Greenhouse confounding: Crops are not randomly assigned to greenhouses, making it difficult to fully isolate each variable’s independent effect. A controlled assignment experiment in future cohorts would cleanly resolve this.
Company-level heterogeneity: A multilevel model with company as a random effect would account for unobserved differences in farmer skill, experience, and access to inputs not captured in the current variables.
Longitudinal learning curves: Analysing yield trajectories within individual companies across cycles would reveal learning effects more precisely than the aggregate cycle variable used in this analysis.

References

Adi, B. (2026). AI-powered business analytics: A practical textbook for data-driven decision making. Lagos Business School. https://markanalytics.online

Attah, S. (2026). EYIA 2024 master harvest data all cohorts. Dataset. Eupepsia Place Ltd, EYIA Programme Monitoring Unit, Ogun State, Nigeria. Data available on request from the author.

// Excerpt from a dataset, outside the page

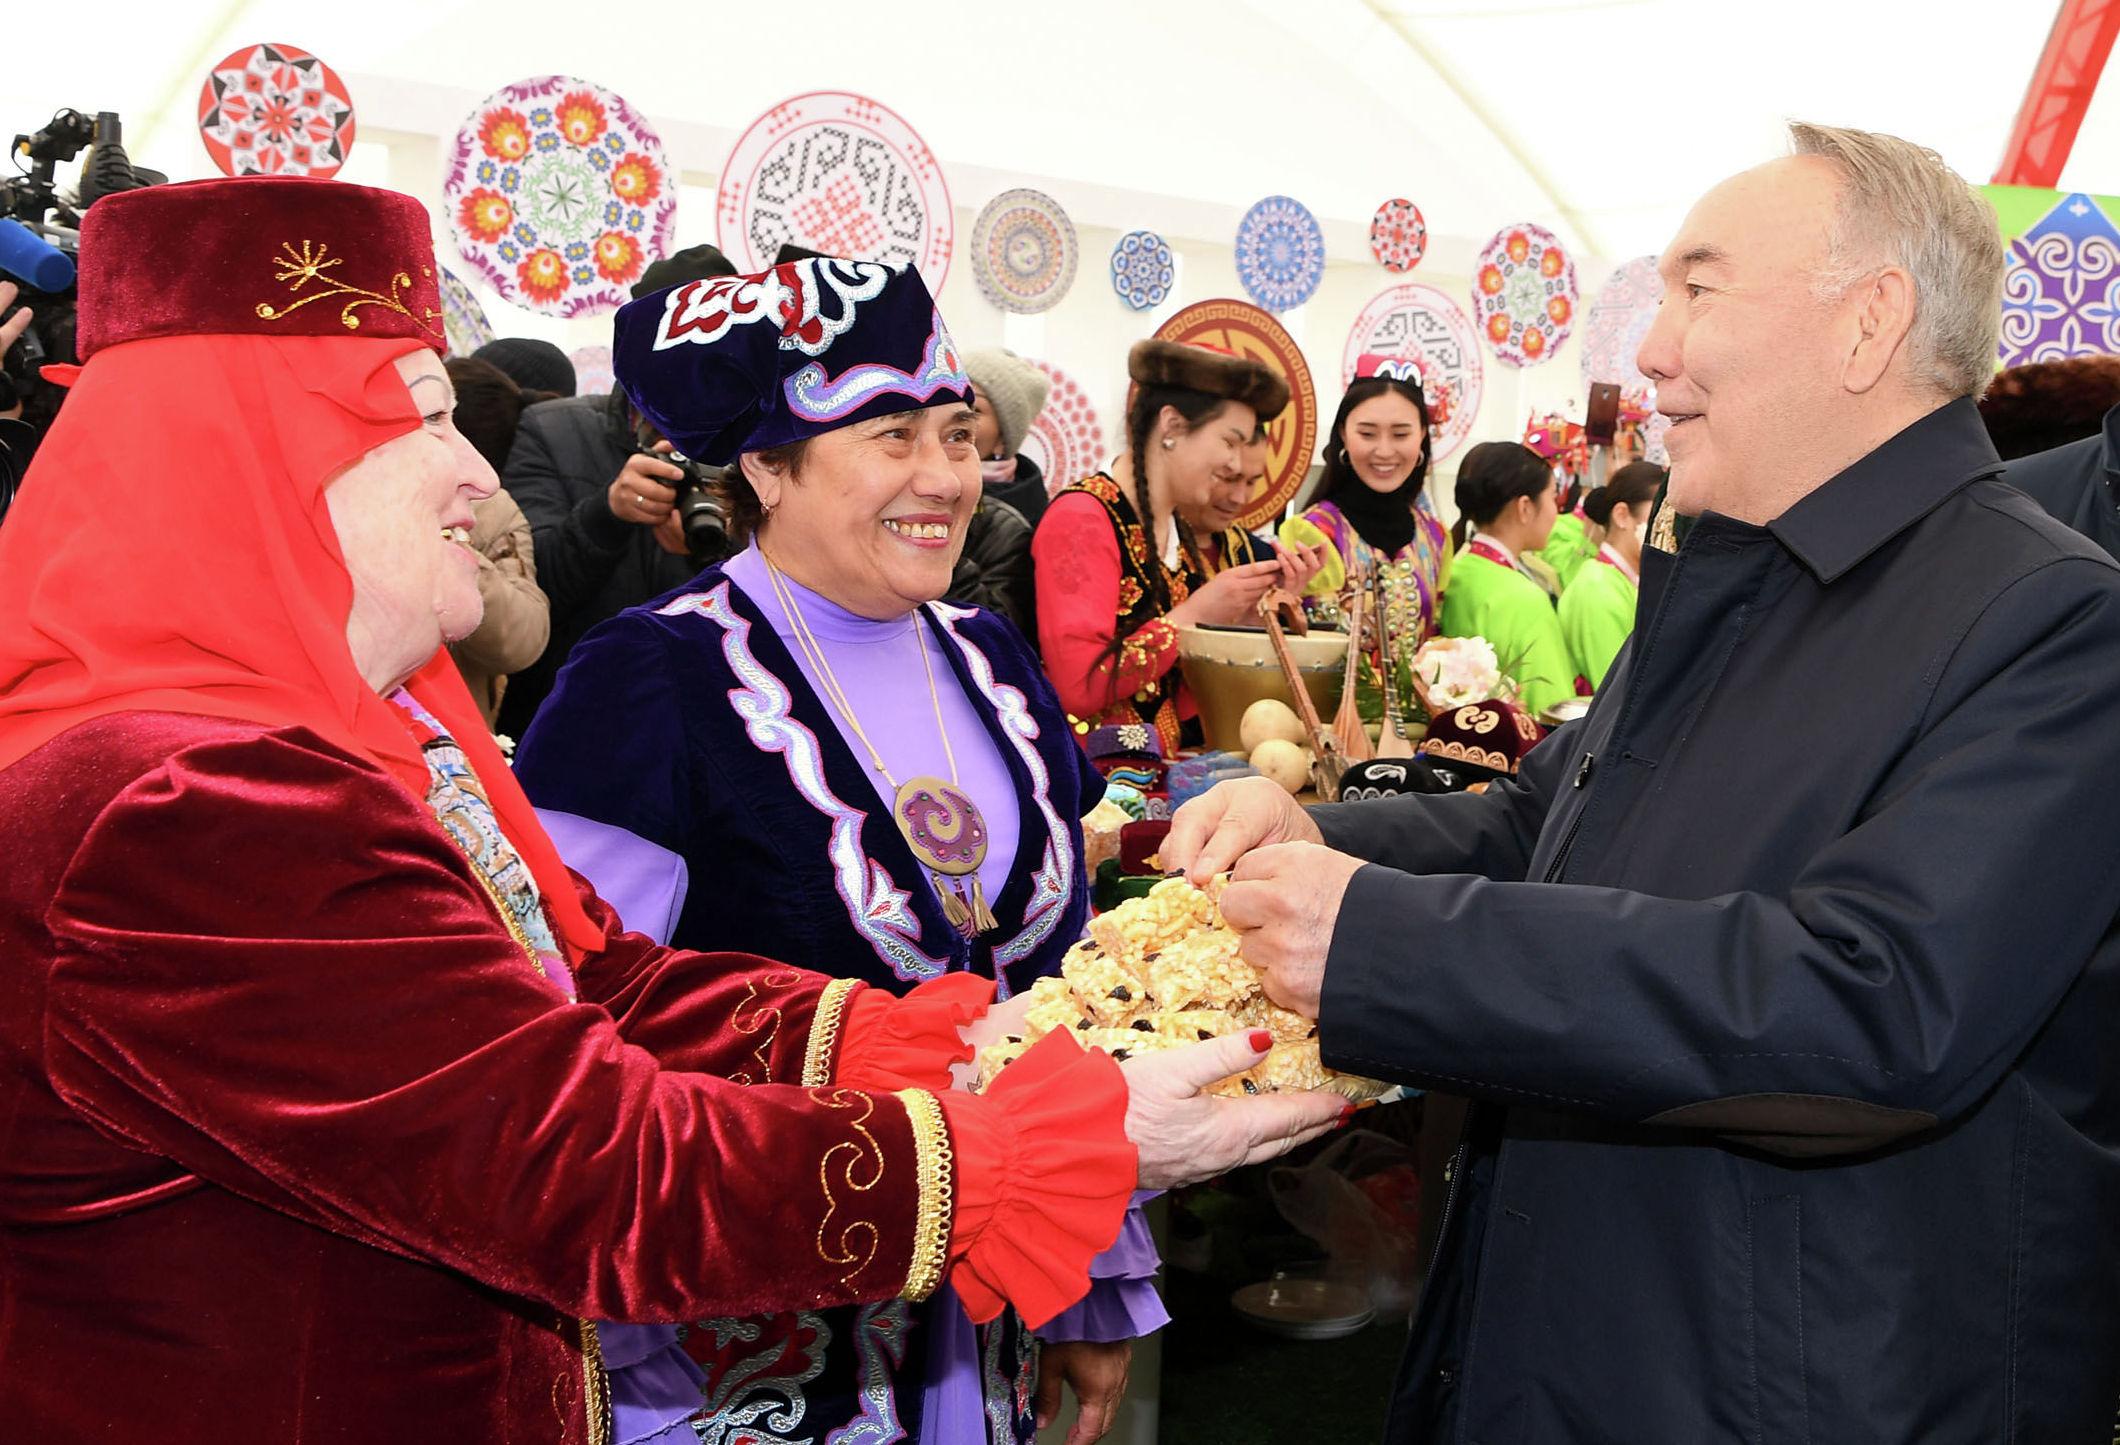 Елбасы Нурсултан Назарбаев посетил народные гуляния по случаю празднования Дня единства народа Казахстана

McKinney, W. (2010). Data structures for statistical computing in Python. Proceedings of the 9th Python in Science Conference, 56-61. https://doi.org/10.25080/Majora-92bf1922-00a

R Core Team. (2024). R: A language and environment for statistical computing. R Foundation for Statistical Computing. https://www.R-project.org/

Wickham, H. (2016). ggplot2: Elegant graphics for data analysis. Springer. https://doi.org/10.1007/978-3-319-24277-4

Wickham, H., Averick, M., Bryan, J., Chang, W., McGowan, L., Francois, R., Grolemund, G., Hayes, A., Henry, L., Hester, J., Kuhn, M., Pedersen, T. L., Miller, E., Bache, S. M., Muller, K., Ooms, J., Robinson, D., Seidel, D. P., Spinu, V., and Yutani, H. (2019). Welcome to the tidyverse. Journal of Open Source Software, 4(43), 1686. https://doi.org/10.21105/joss.01686

Appendix: AI Usage Statement

Claude (Anthropic) was used as a coding assistant in preparing this document. Claude assisted with writing R and Python code chunks for data loading, cleaning, visualisation, and statistical testing, and with structuring the Quarto document including panel-tabset formatting. All analytical decisions including technique selection, hypothesis framing, output interpretation, business recommendations, and professional disclosure content were made independently by the author based on her operational knowledge of the EYIA programme and the analytical judgement developed through the Data Analytics II course. The author is able to explain and defend every result in this document.